DATA BELOW ▸
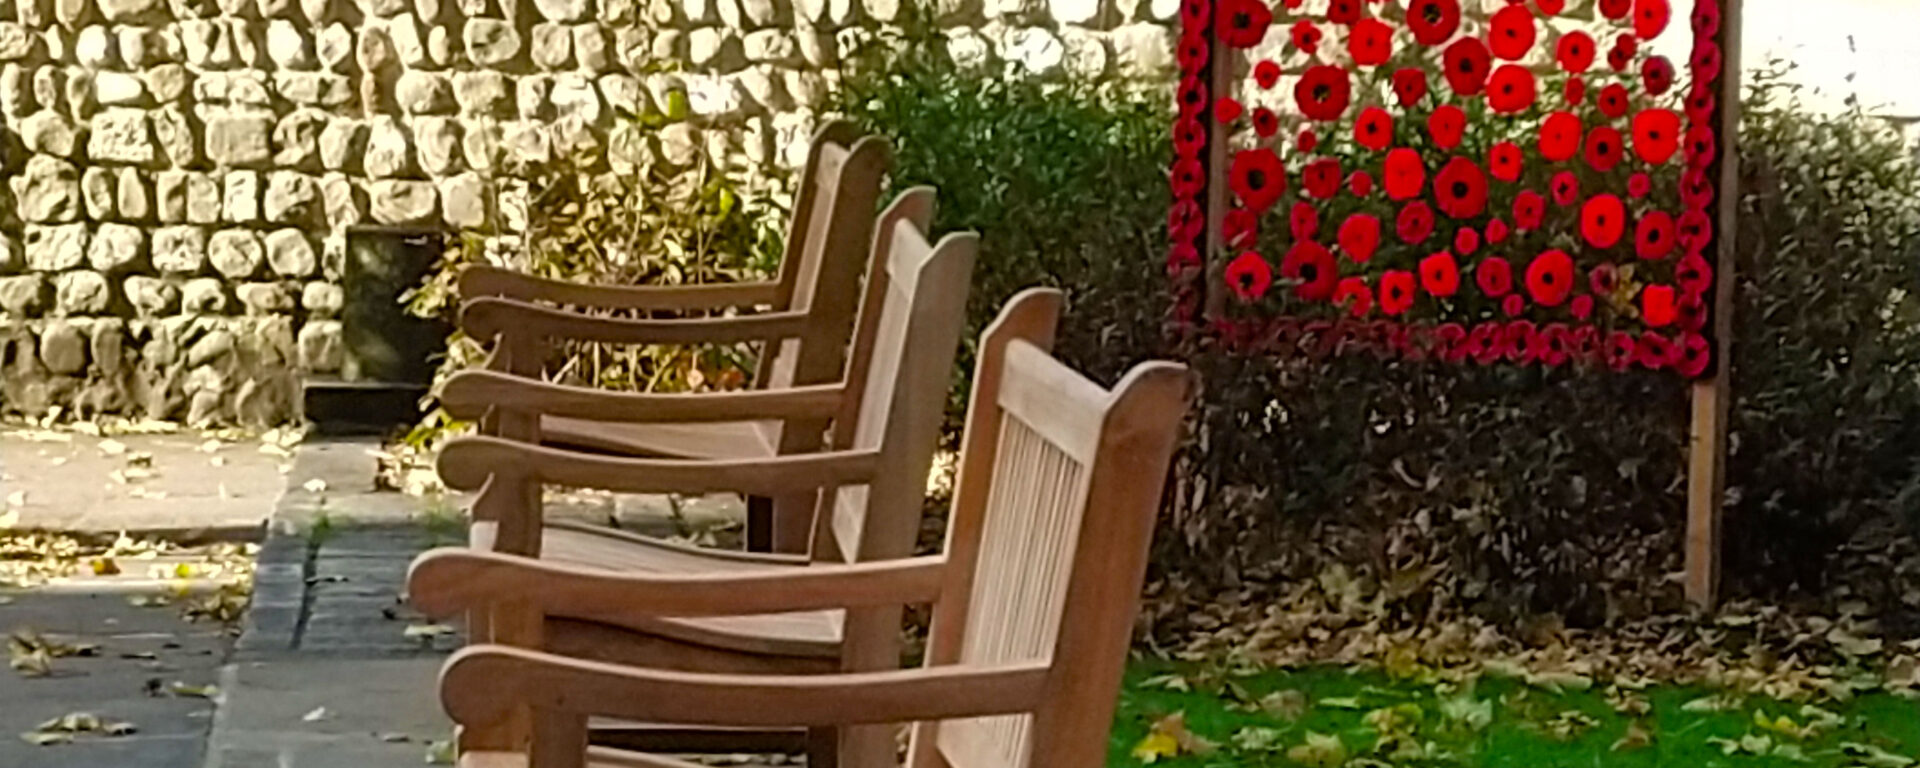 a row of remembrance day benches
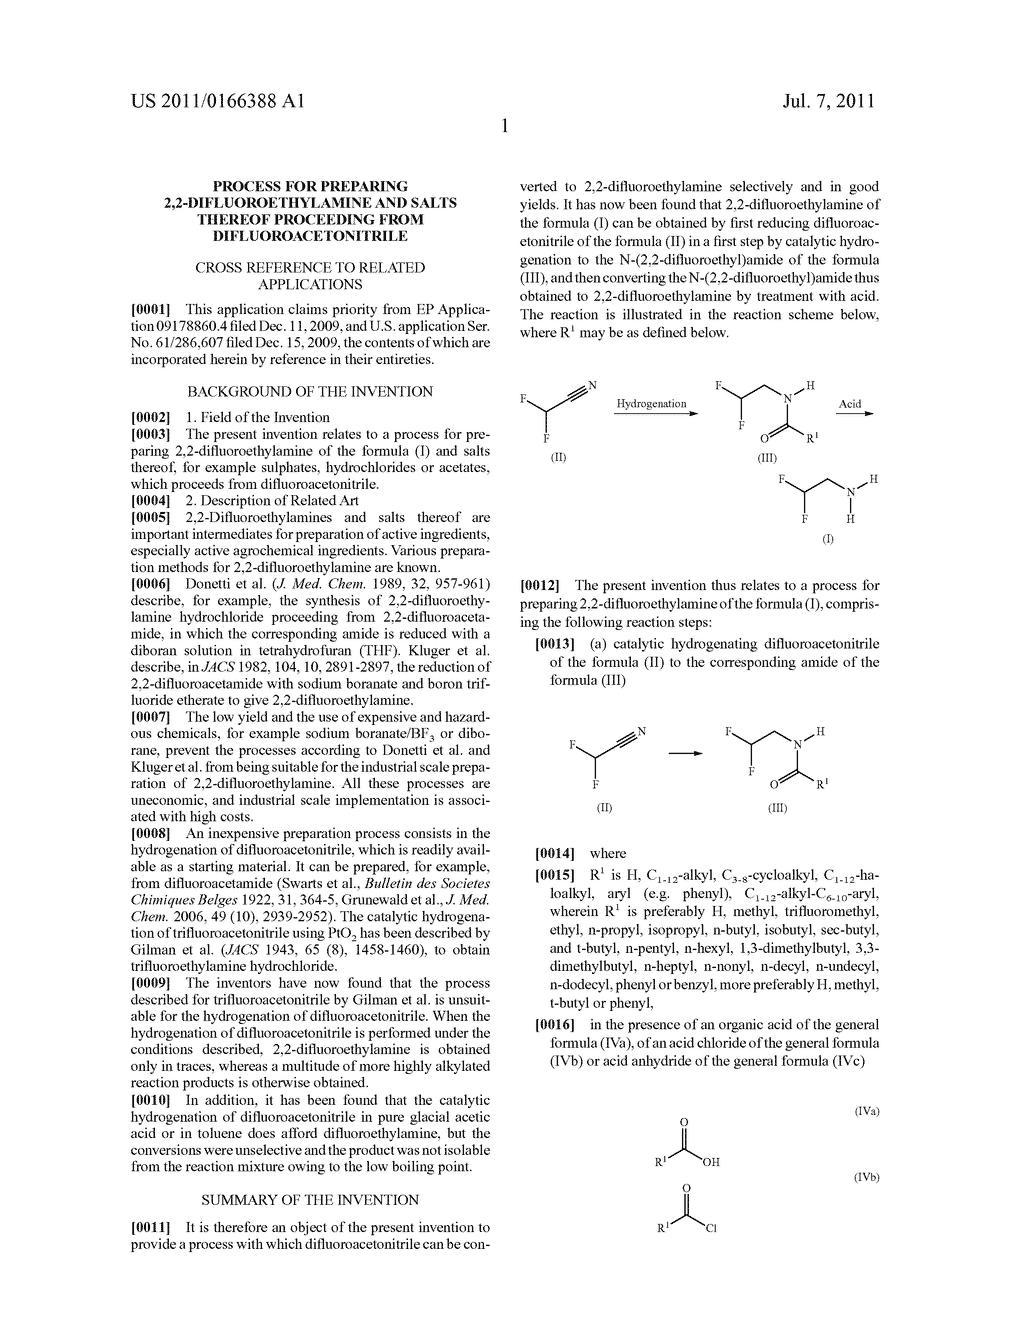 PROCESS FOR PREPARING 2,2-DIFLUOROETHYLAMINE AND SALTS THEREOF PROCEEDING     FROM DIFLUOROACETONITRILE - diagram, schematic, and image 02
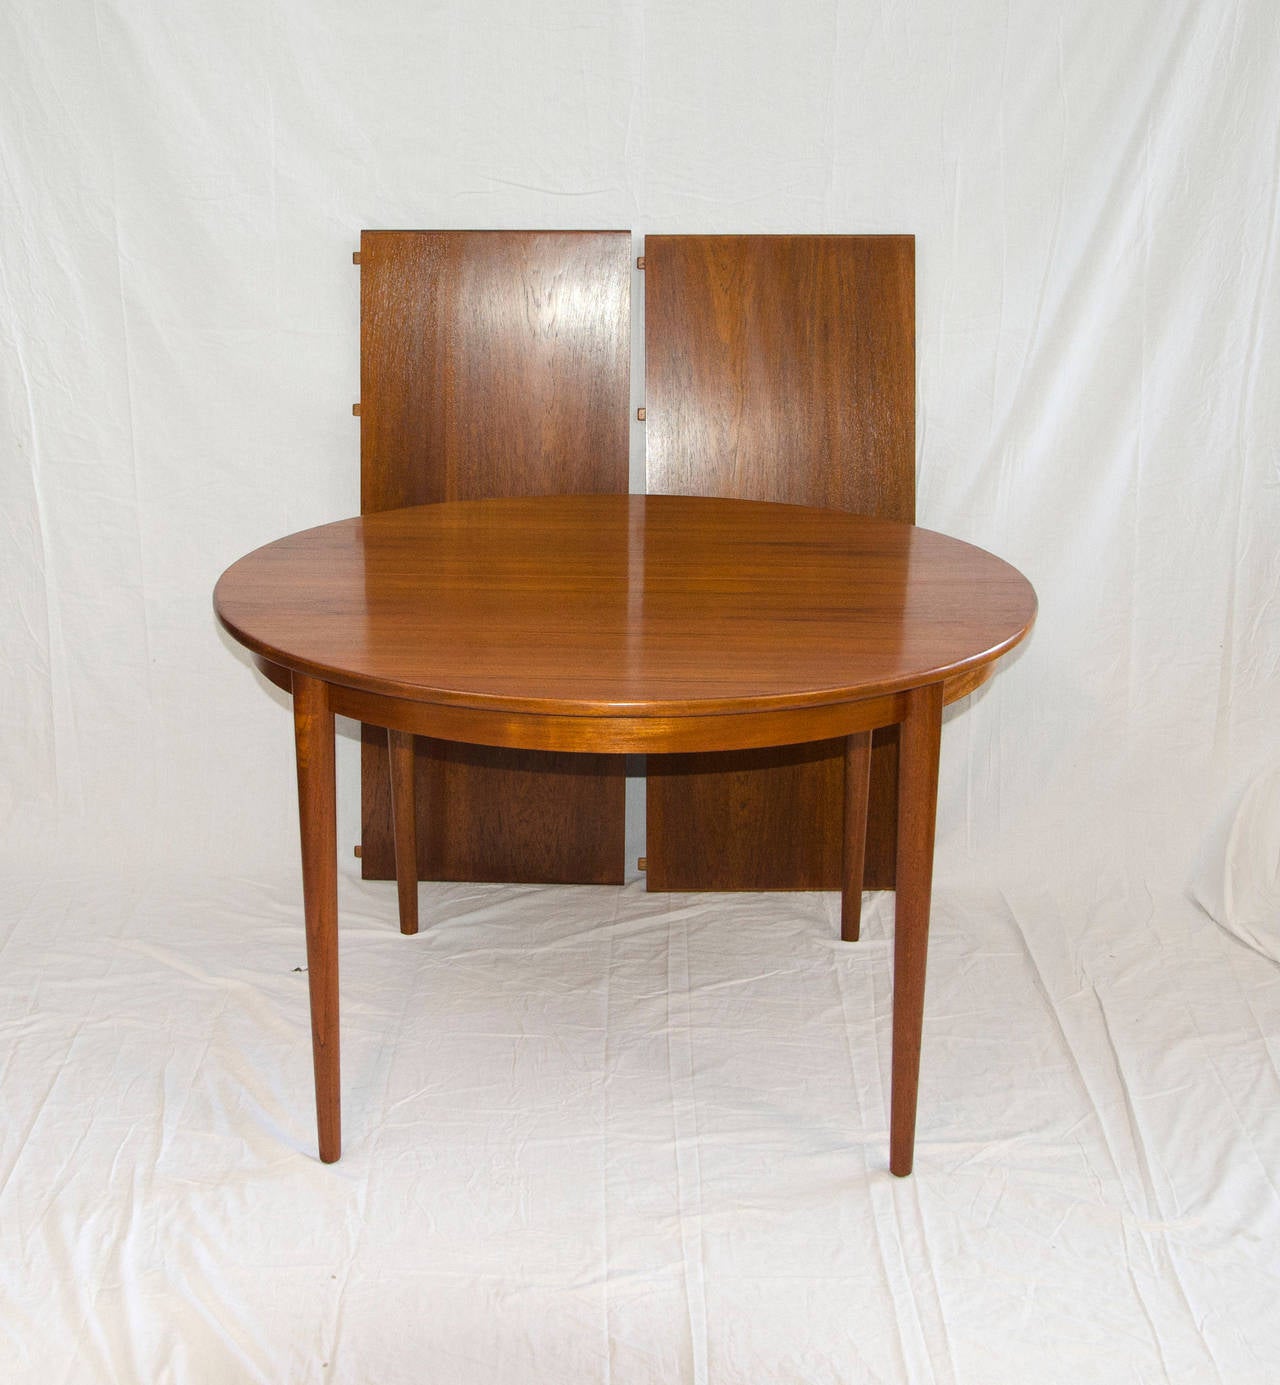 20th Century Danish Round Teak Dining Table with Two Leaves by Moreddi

WHAT YOU SHOULD DO ▸
Transcribe all lines above exactly, skipping pictures.

EXERCISE SOLUTION ▸
 a row of remembrance day benches
 PROCESS FOR PREPARING 2,2-DIFLUOROETHYLAMINE AND SALTS THEREOF PROCEEDING     FROM DIFLUOROACETONITRILE - diagram, schematic, and image 02
 20th Century Danish Round Teak Dining Table with Two Leaves by Moreddi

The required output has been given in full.